Assignment: Your copy of the data should match it exactly, leaving out only the pictures.

Data extract:
..............................

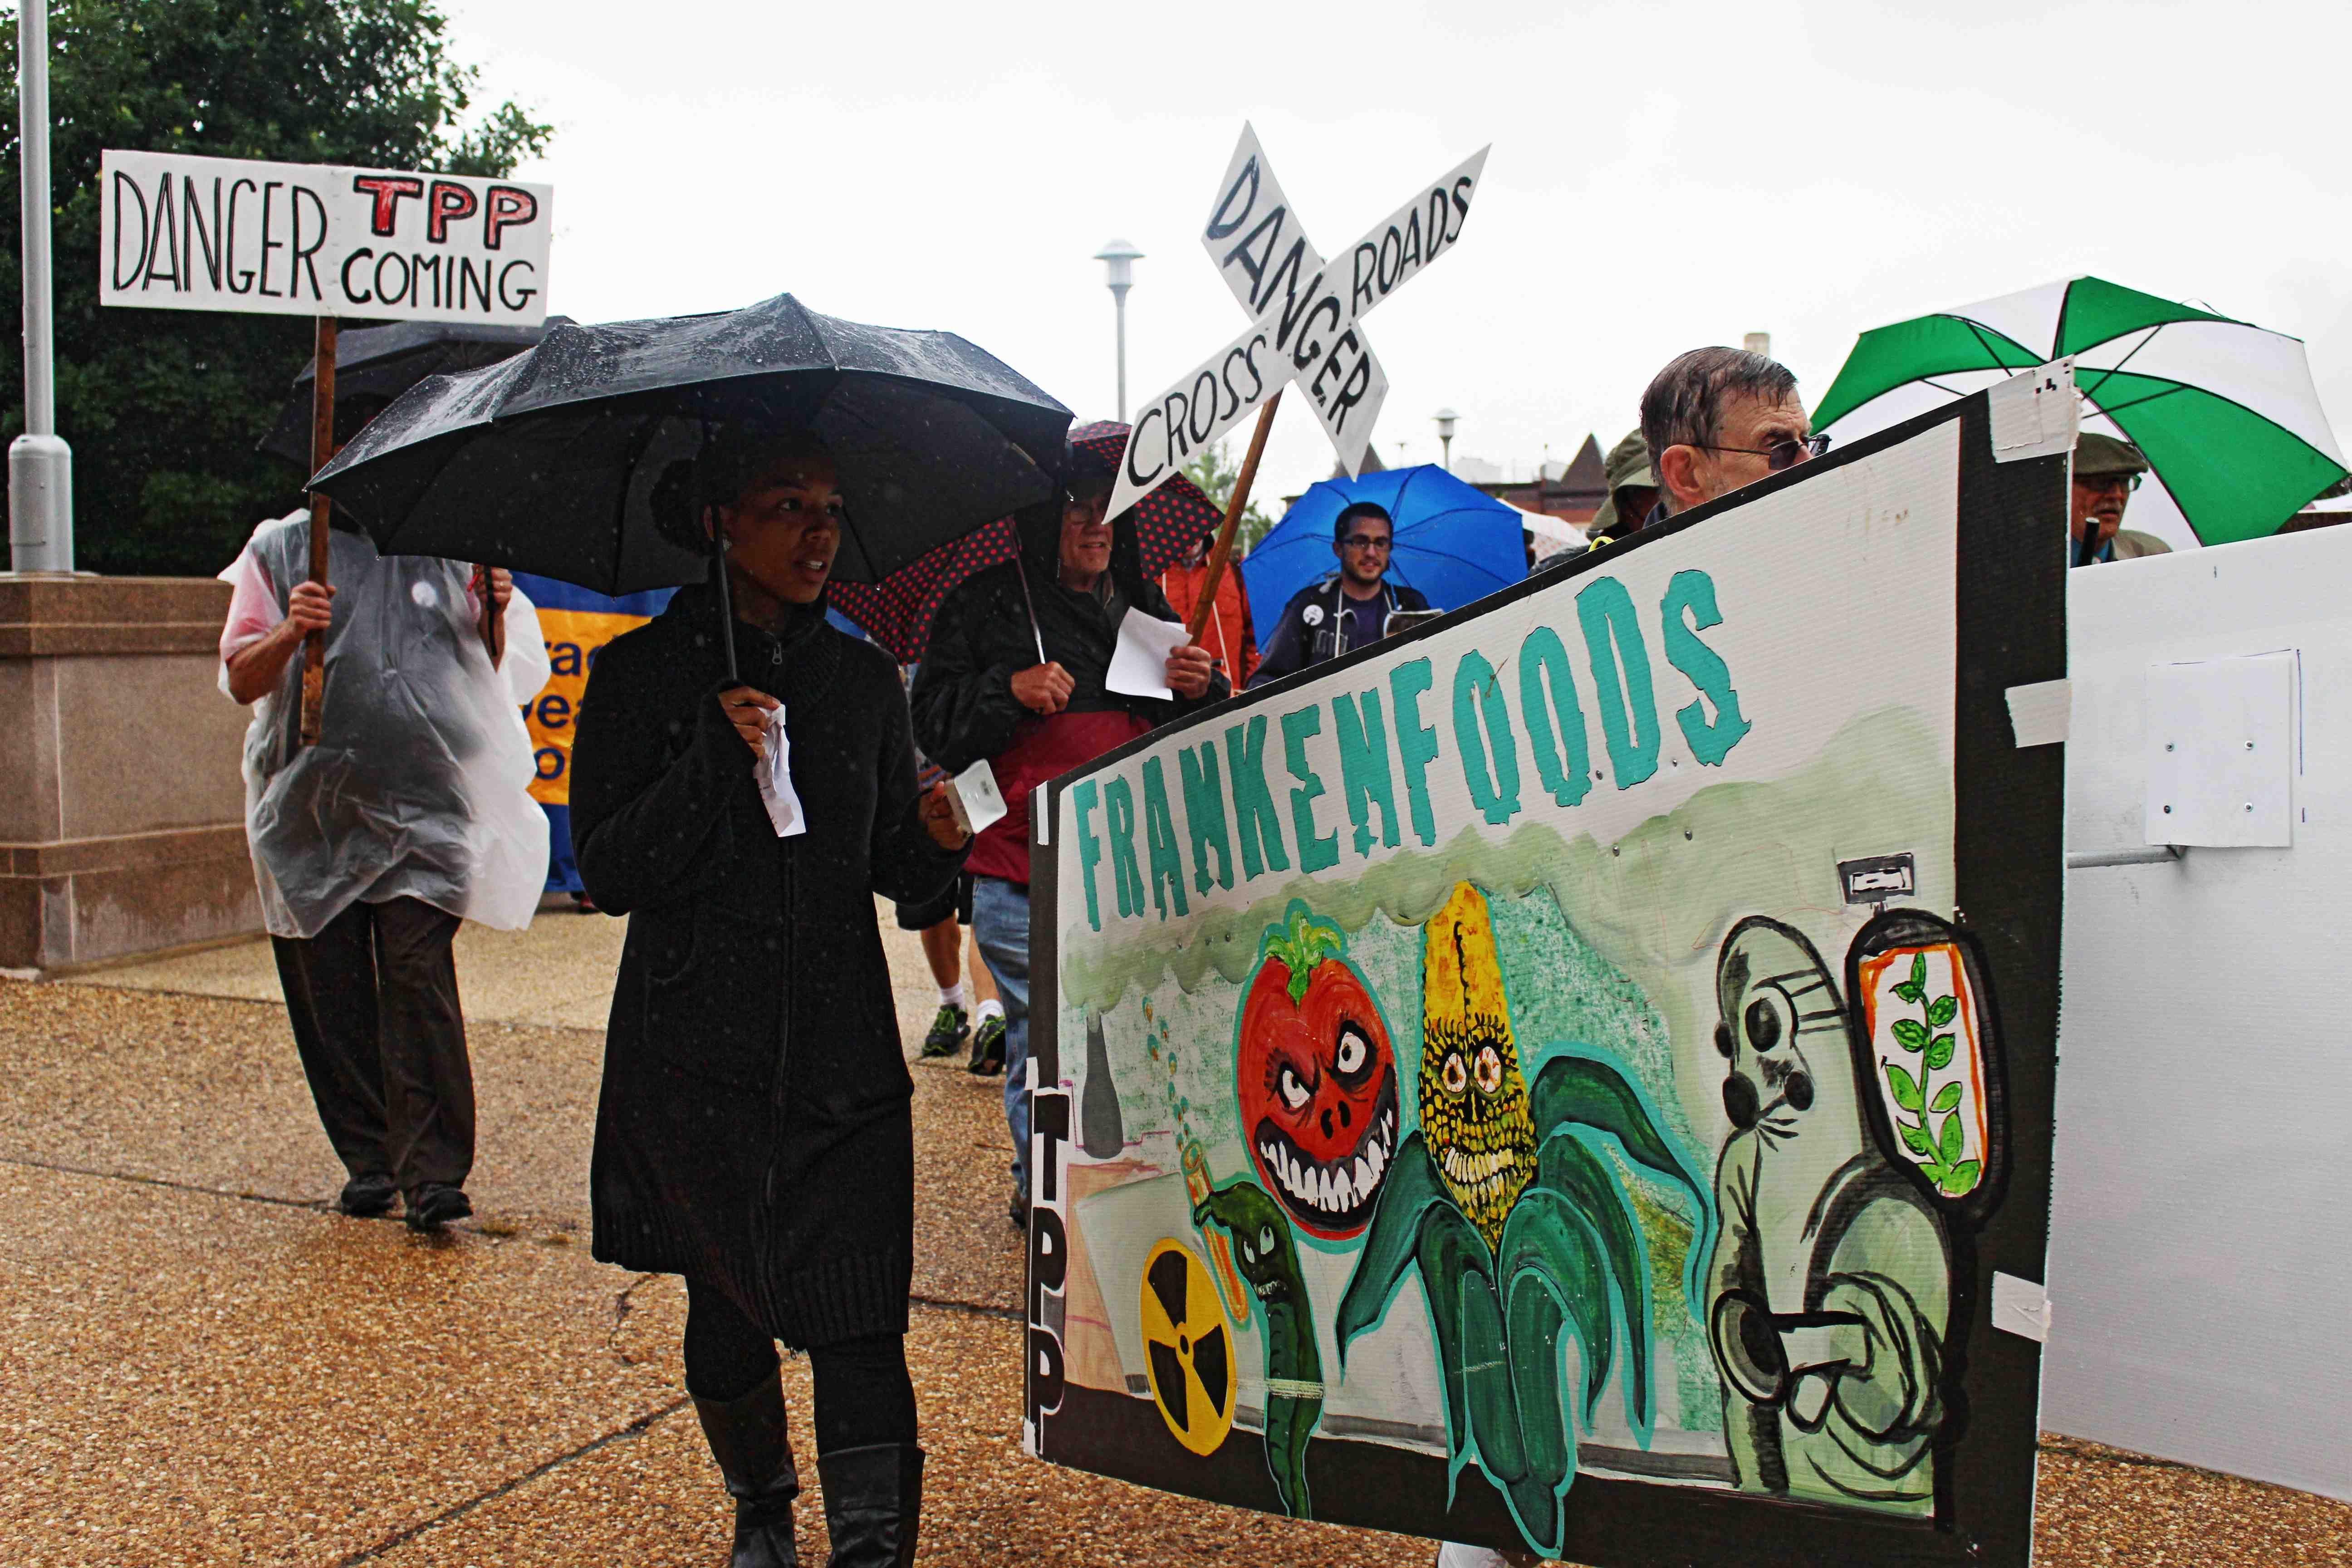 protest in the rain, creative activism
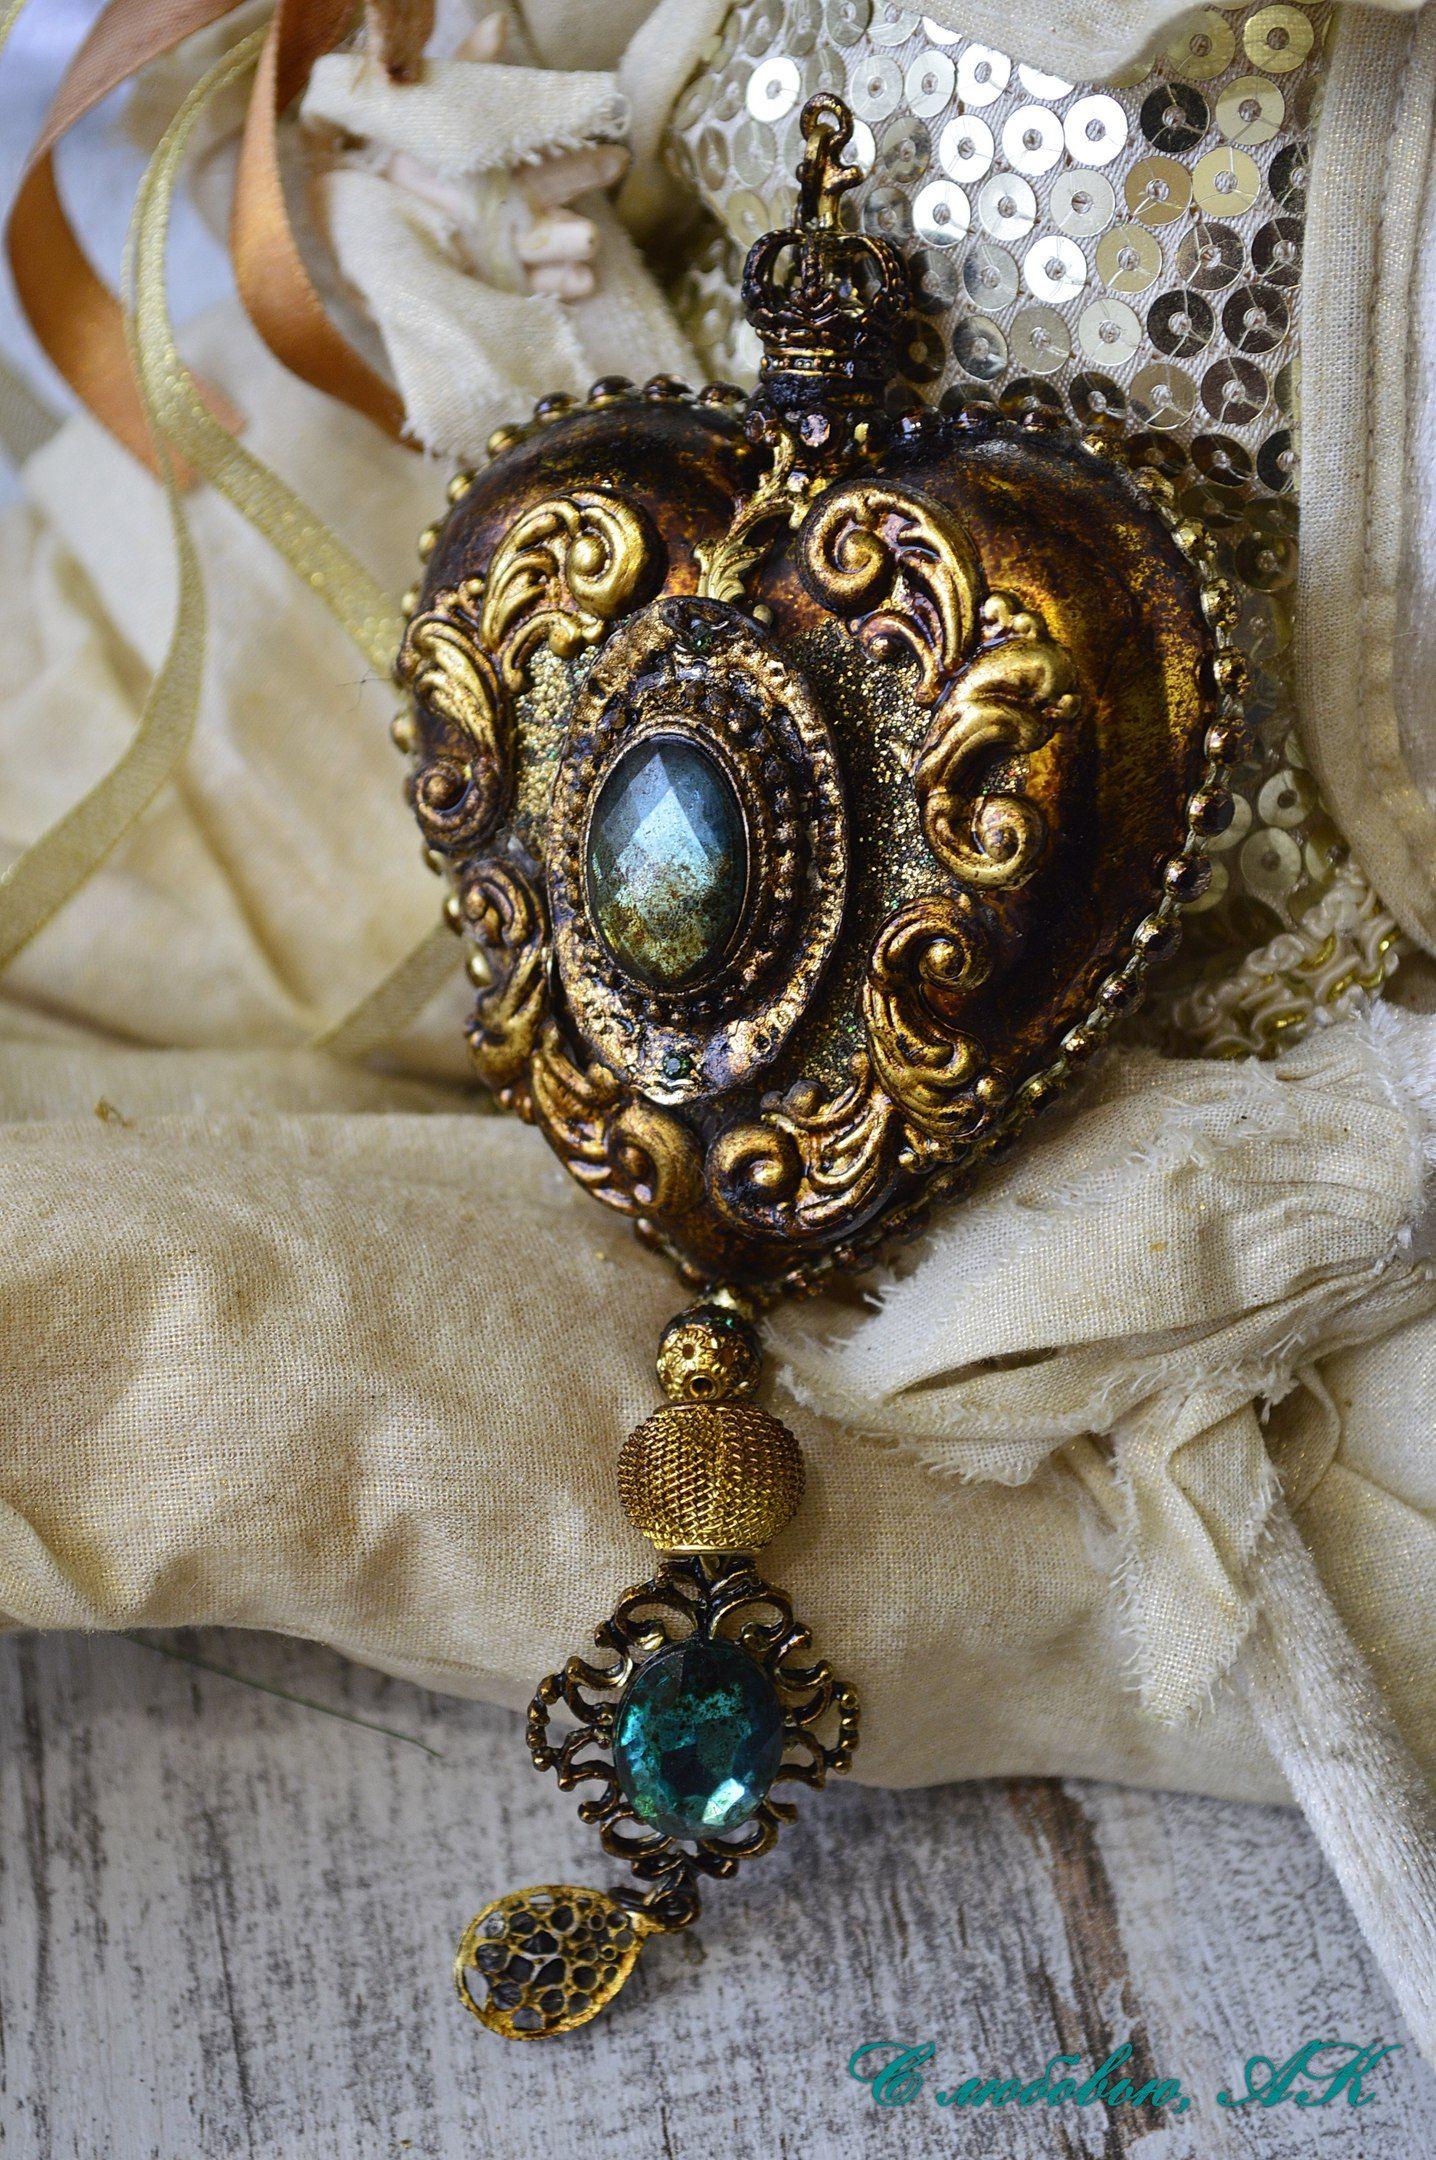 Heart Imagesdecoupage Ideaschristmas Ornamentschristmas Craftschristmas
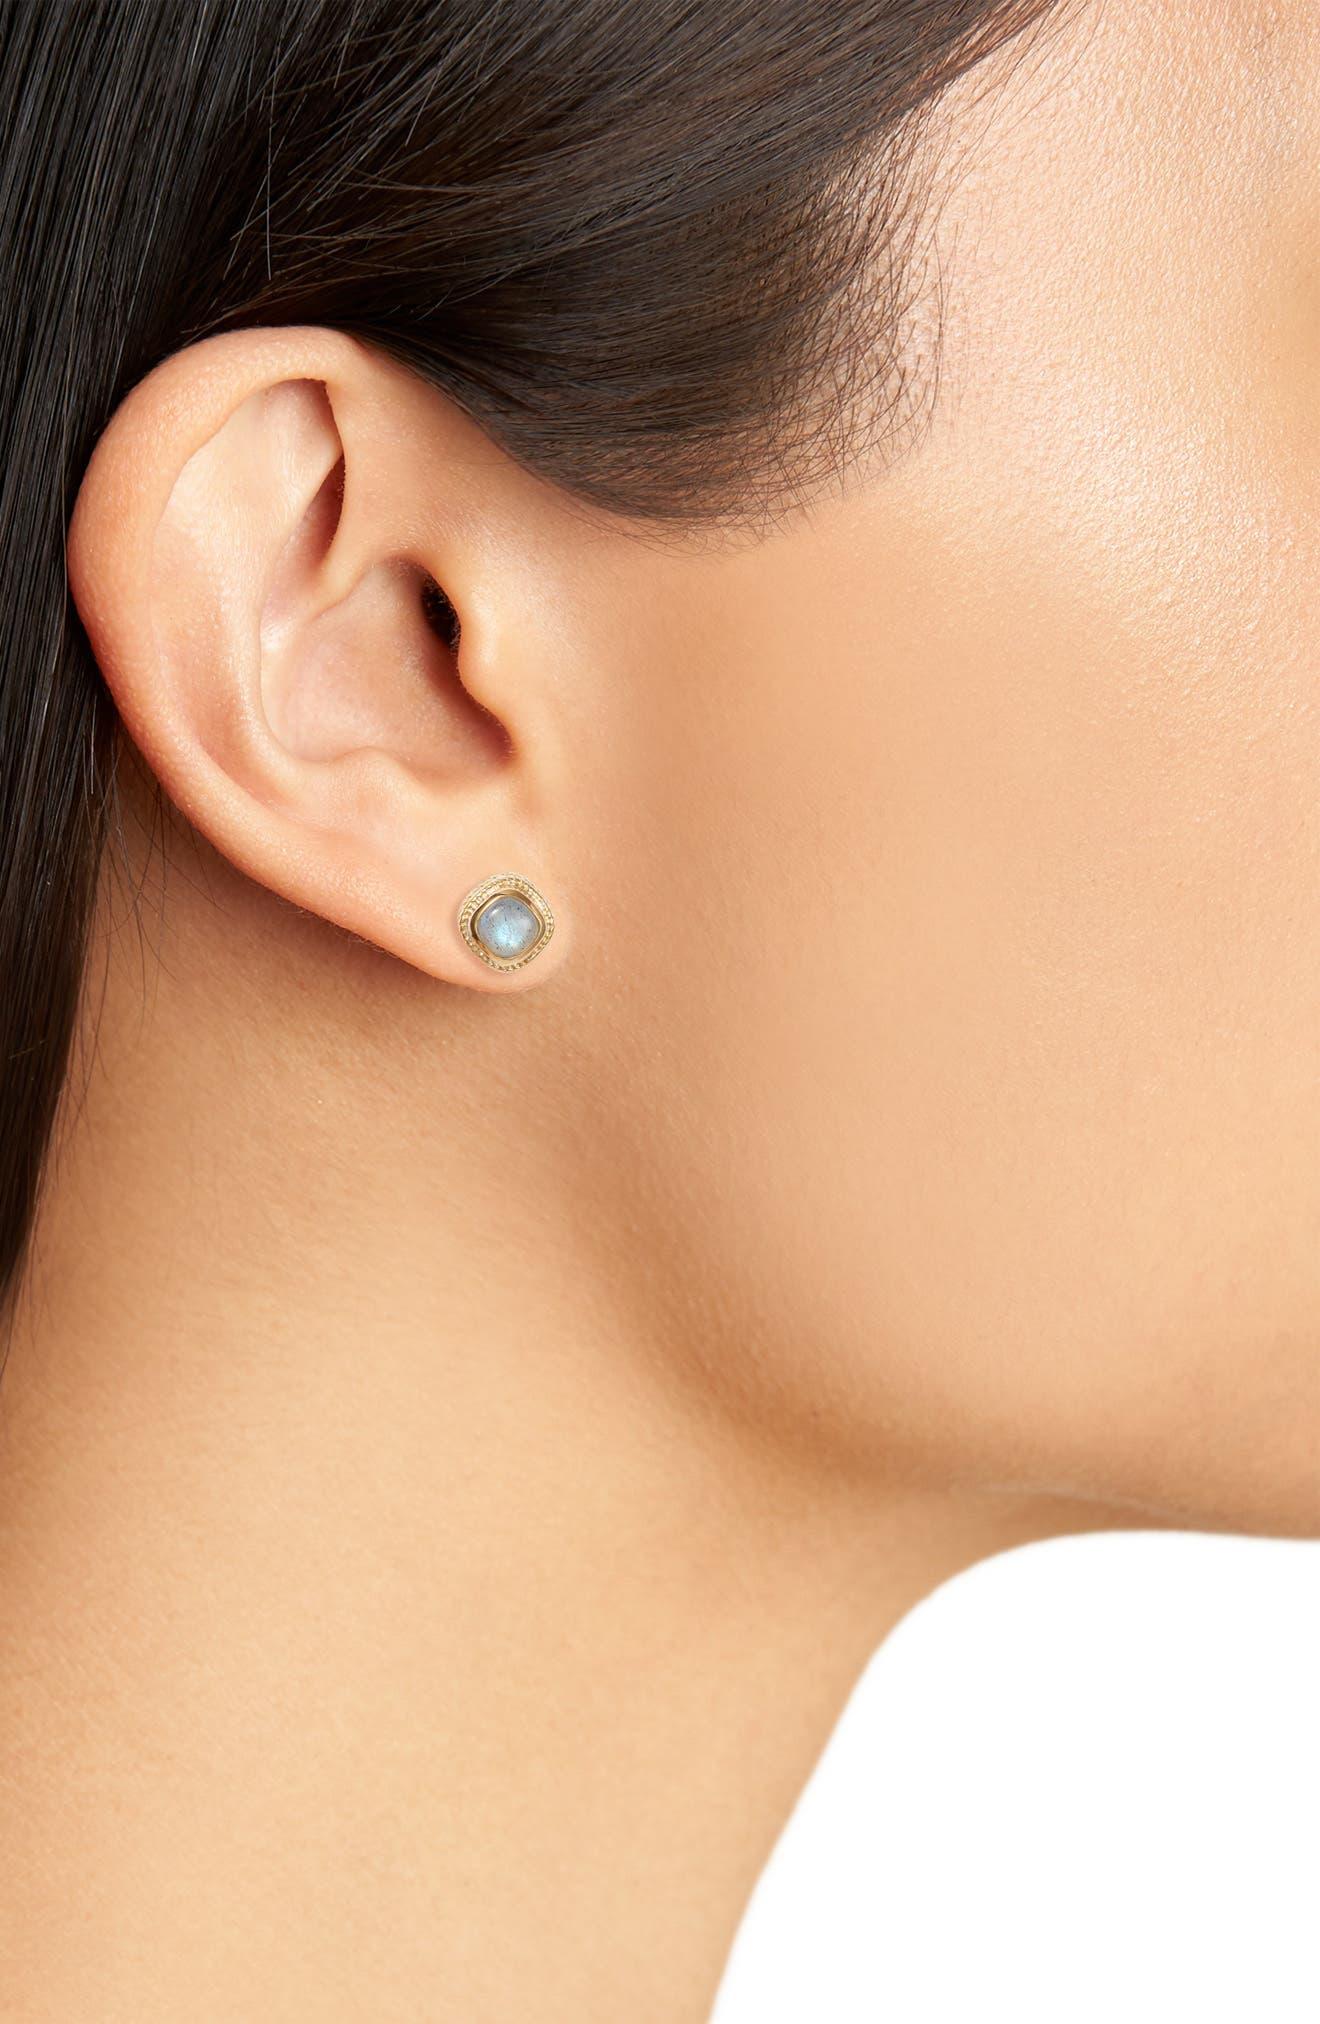 Semiprecious Stone Cushion Stud Earrings,                             Alternate thumbnail 2, color,                             GOLD/ LABRADORITE

..............................

Exercise response:
 protest in the rain, creative activism
 Heart Imagesdecoupage Ideaschristmas Ornamentschristmas Craftschristmas
 Semiprecious Stone Cushion Stud Earrings,                             Alternate thumbnail 2, color,                             GOLD/ LABRADORITE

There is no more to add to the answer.